RAG alone doesn't solve consistency or style: Retrieval-augmented generation grounds outputs in your documents, but retrieval has its own failure modes: missed context, over-retrieval noise, documents that aren't formatted for retrieval. RAG doesn't change how a model reasons or writes. If you need outputs with a specific analytical style, a defined voice, or a structured format consistent across thousands of outputs, retrieval alone won't get you there.
Every API call is a data leakage decision: Routing sensitive business data through a third-party API creates legal, compliance, and competitive risk. Customer financial data, proprietary contracts, internal communications, patient records, strategic documents all leave your environment every time you make an inference call. For regulated industries or companies with real IP concerns, running a fine-tuned model in your own infrastructure isn't optional.

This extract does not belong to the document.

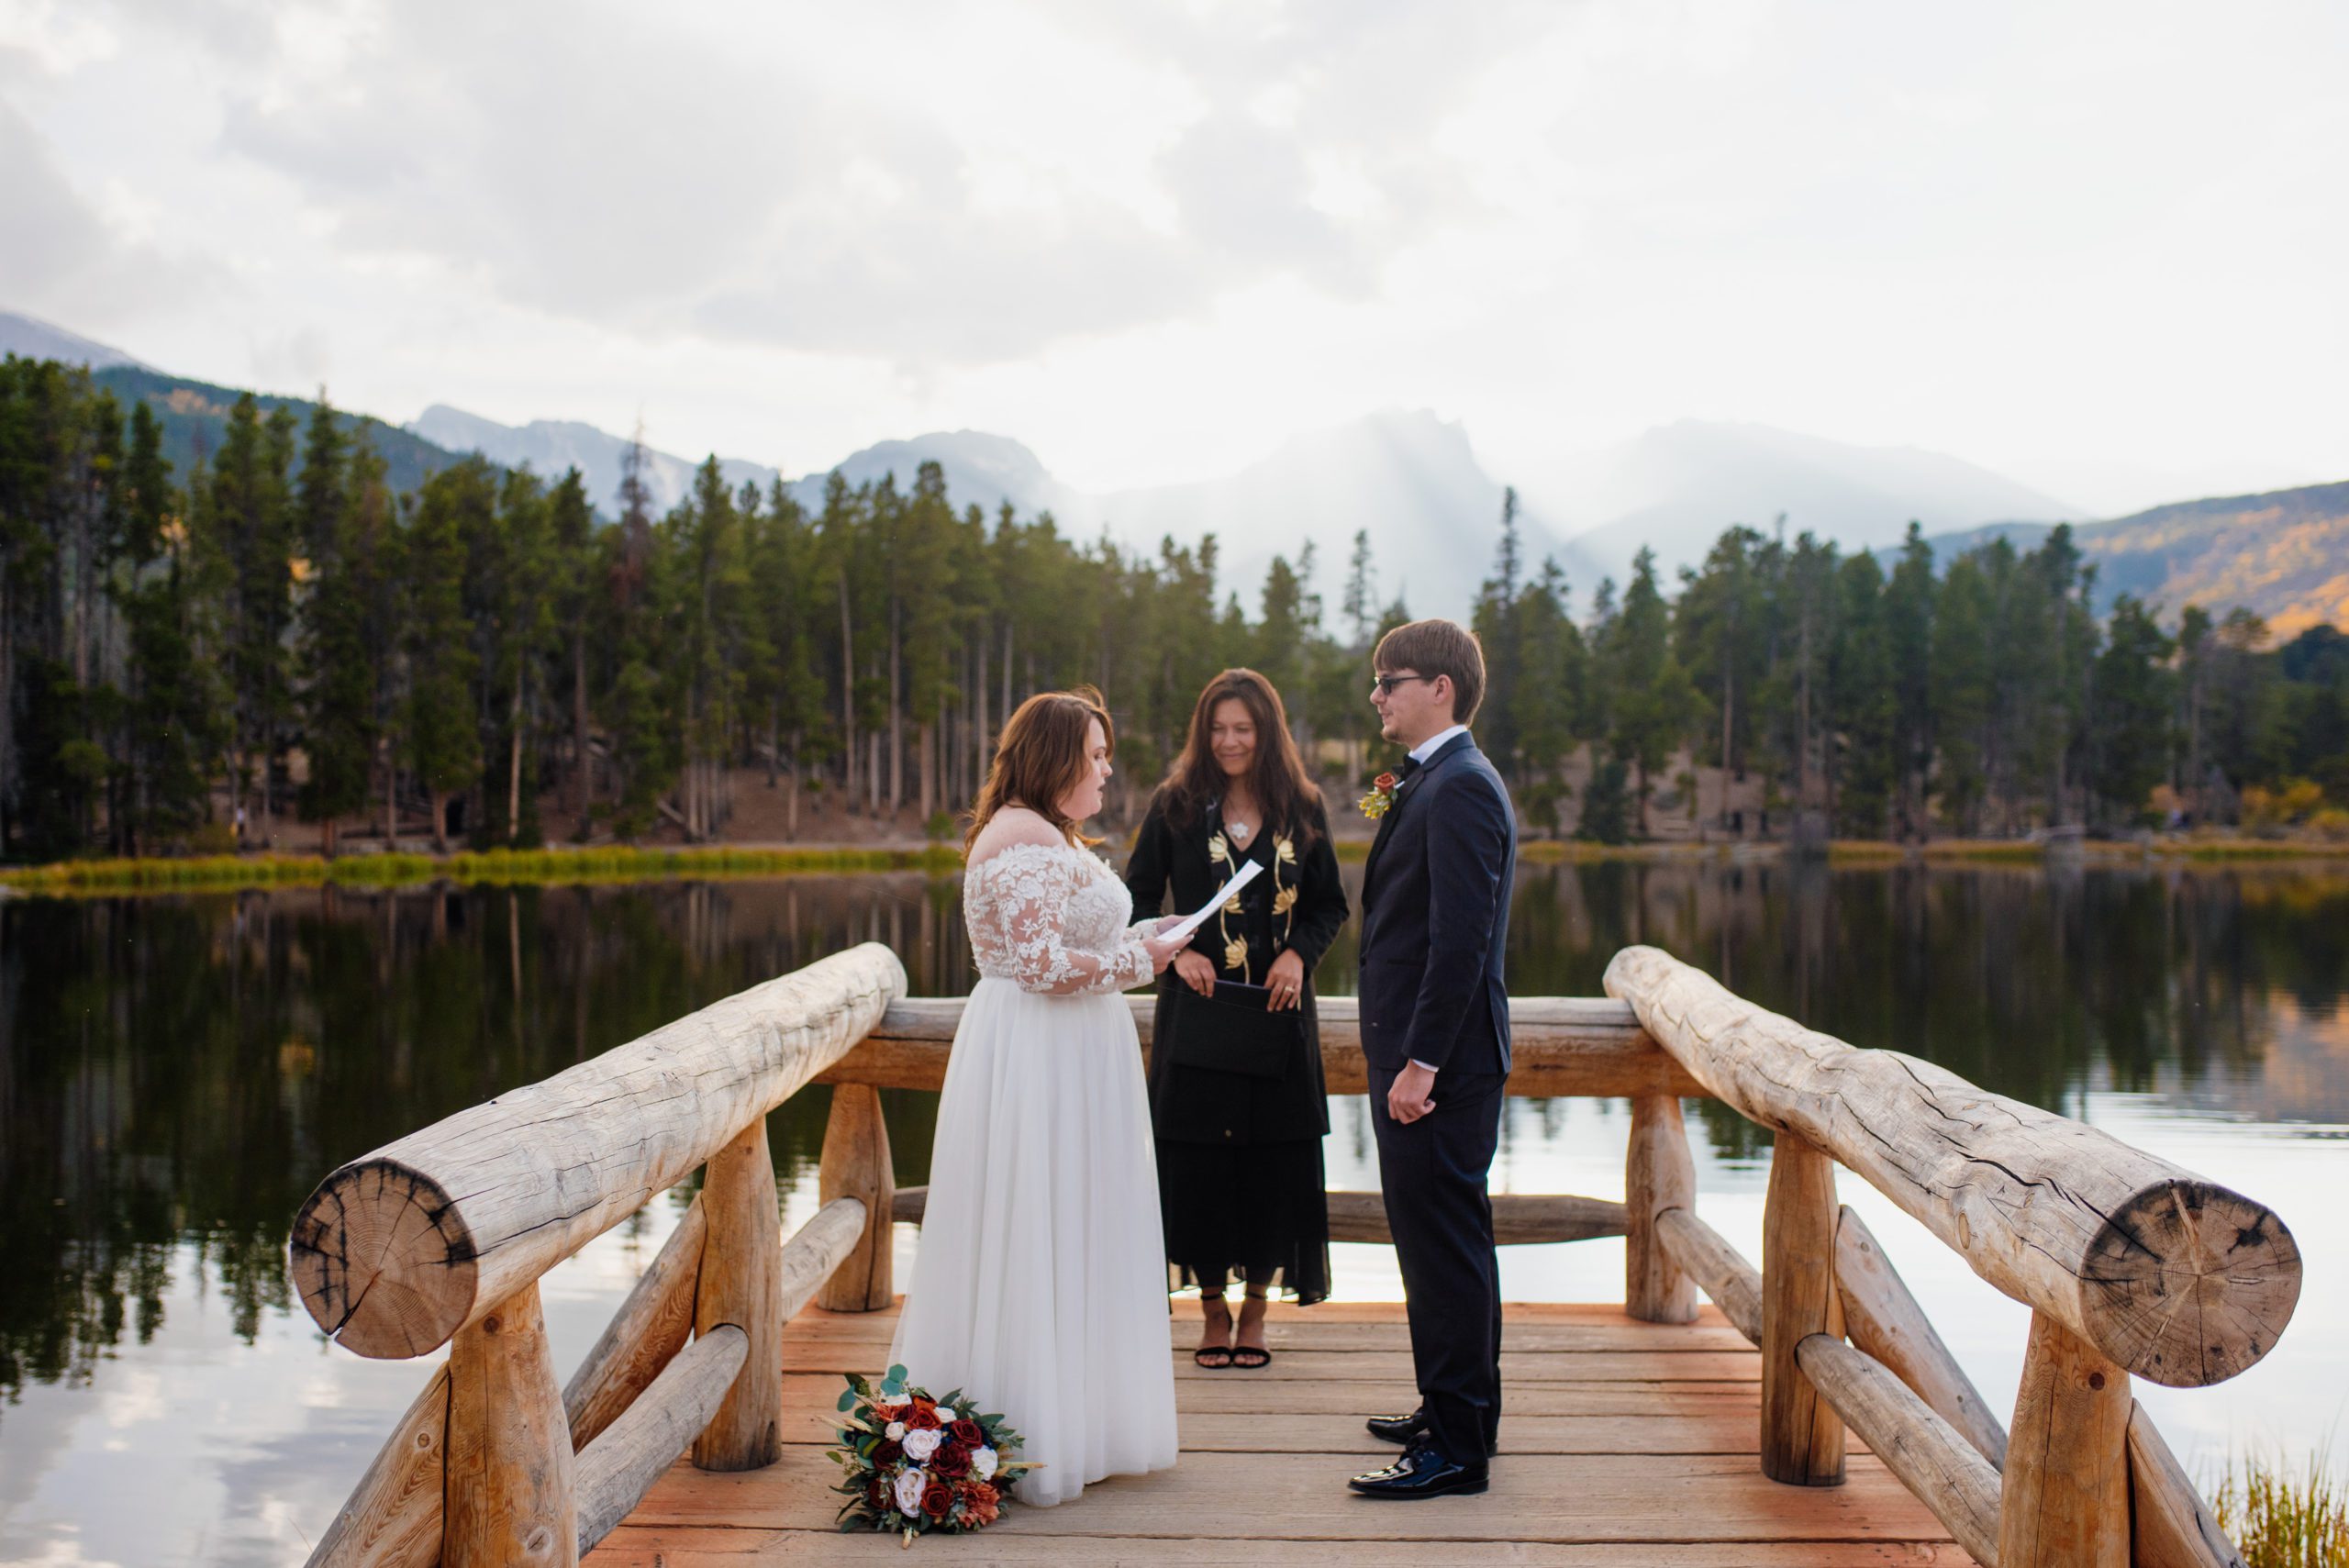 Bride reads vows to groom during elopement ceremony 
at Sprague Lake - RMNP

Competitors who fine-tune compound the advantage over time: A fine-tuned model trained on your data today outperforms a general model. One retrained on accumulating proprietary data next year is much better and much harder for a competitor to copy. The longer you wait to build the training infrastructure, the larger the dataset gap grows. Your data is accumulating whether or not you're using it.
Our Approach
Data in. Domain-expert model out. Four phases from raw data to a deployed, evaluated model running in your environment.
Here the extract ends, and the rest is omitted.